With $\sigma$ being the break-even knowledge, which corresponds to the state where renewable and fossil fuel costs become equal, and $\rho$ is the renewable knowledge learning rate. As knowledge on renewables ( $S$ ) increases, $\Gamma\to 0$ and the total energy share produced by renewables increases. If $S\to 0$ , then $\Gamma\to 1$ and more energy is produced from fossil fuels. The interactions are summarized in Figure 6. The parameter values are summarized in Table 2.

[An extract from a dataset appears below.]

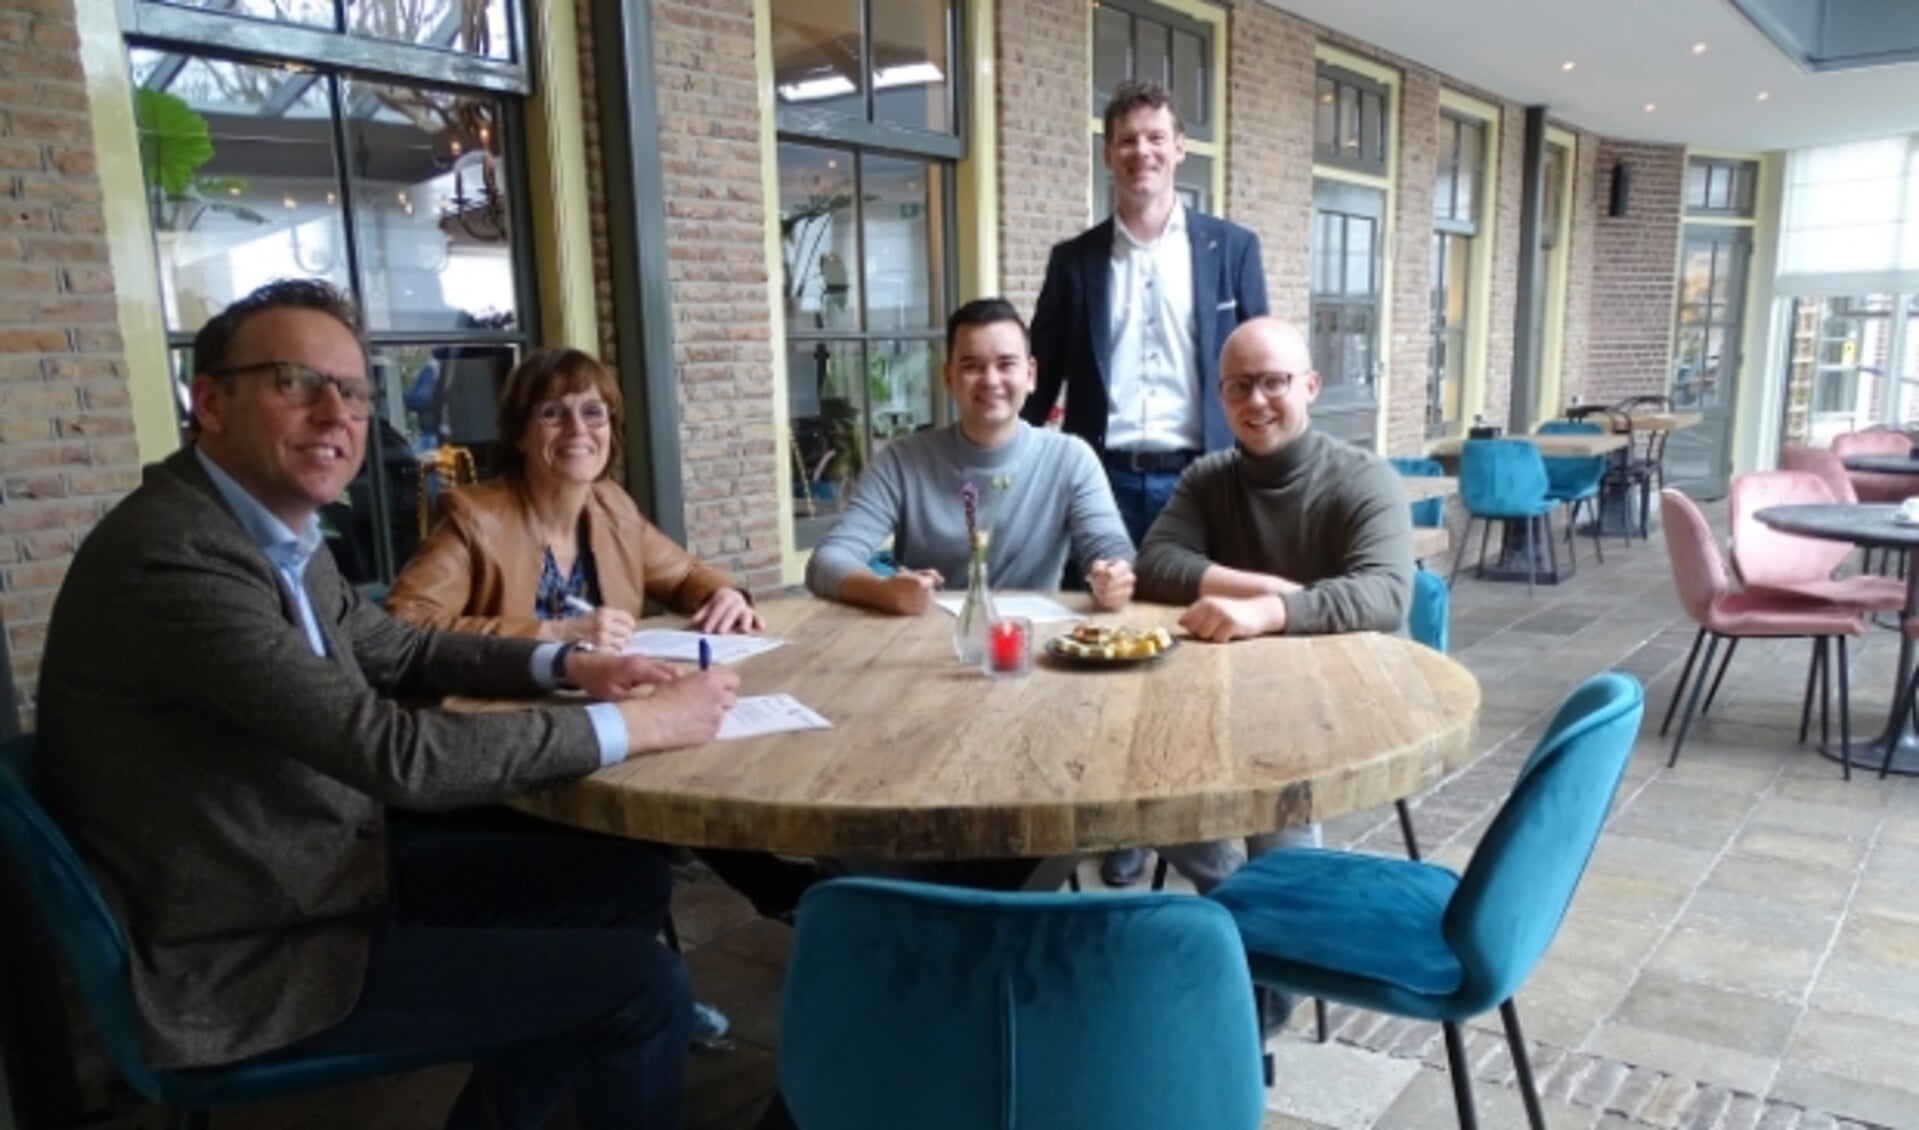 De overeenkomst getekend: vlnr. Erik Schoonderwoerd, Joyce Jacobs, Jamie de Jong, Jeroen Kenbeek en Don Janmaat.

Table 2: Table summarising the parameters of the AYS model from Kittel et al. [2017].

Parameter

Value

Description

\tau_{A}

50 years

Carbon decay out of the atmosphere.

\tau_{S}

50 years

Decay of renewable knowledge stock.

\beta

3 %/year

Economic output growth.

\sigma

4\times 10^{12}

Break-even knowledge: knowledge at which

fossil fuel and renewables have equal cost.

\phi

4.7\times 10^{10}

GJ/GtC

Fossil fuel combustion efficiency.

\epsilon

147 $/GJ

Energy efficiency parameter.

\theta

8.57\times 10^{-5}

Temperature sensitivity parameter.

\rho

Learning rate of renewable knowledge.

A.3 States

The initial state is:

\displaystyle s_{t=0}=\begin{pmatrix}240\,GtC\\ 7\times 10^{13}\,\$/yr\\ 5\times 10^{11}\,GJ\\ \end{pmatrix},

(14)

which aims to represent the current state of the Earth in this model. There are two attractors in this model,

\displaystyle s_{b}=\begin{pmatrix}\beta/\theta\\ \frac{\phi\beta\epsilon}{\theta\tau_{A}}\\ 0\\ \end{pmatrix}=\begin{pmatrix}350\,GtC\\ 4.84\times 10^{13}\,\$/yr\\ 0\,GJ\end{pmatrix}.

(21)

This is denoted as the black fixed point: roughly half of the current economic production, and this economic production is stagnant. Furthermore, in the black fixed point, there is an excess of 350 GtC in the atmosphere with no renewable energy production. The other point we are interested in is located at the boundaries of the state space,

\displaystyle s_{g}=\begin{pmatrix}0\\ +\infty\\ +\infty\end{pmatrix},

(25)

where economic growth and renewable energy knowledge grow forever. We label this the green fixed point, and we note that it corresponds to the ideal scenario.

The dynamics of this environment do not allow for more fixed points. Therefore, any point in the space will be naturally drawn to one of these fixed points.

Just as in Kittel et al. [2017], we normalize the state variables $A$ , $Y$ and $S$ between 0 and 1. This prevents any numerical issues from arising in unexpected ways. The normalization scheme employed is the following:

\displaystyle\bar{s_{t}}=\frac{s_{t}}{s_{t}+s_{t=0}}.

(26)

This leads to the initial state being $(0.5,0.5,0.5)^{T}$ and the green fixed point to be $s_{g}=(0,1,1)^{T}$ .

A.4 Episode Description

The AYS model is a deterministic environment. The enable non-trivial learning, we initialize each new episode n a random state sampled under a fixed distribution:

\displaystyle s_{t=0}=\begin{pmatrix}0.5+\mathcal{U}(-0.05,0.05)\\ 0.5+\mathcal{U}(-0.05,0.05)\\ 0.5\end{pmatrix},

(30)

where $\mathcal{U}$ is the uniform distribution. We do not add noise the third varialbe, as we notice that it dramatically reduces the ability for the agent to learn Strnad et al. [2019].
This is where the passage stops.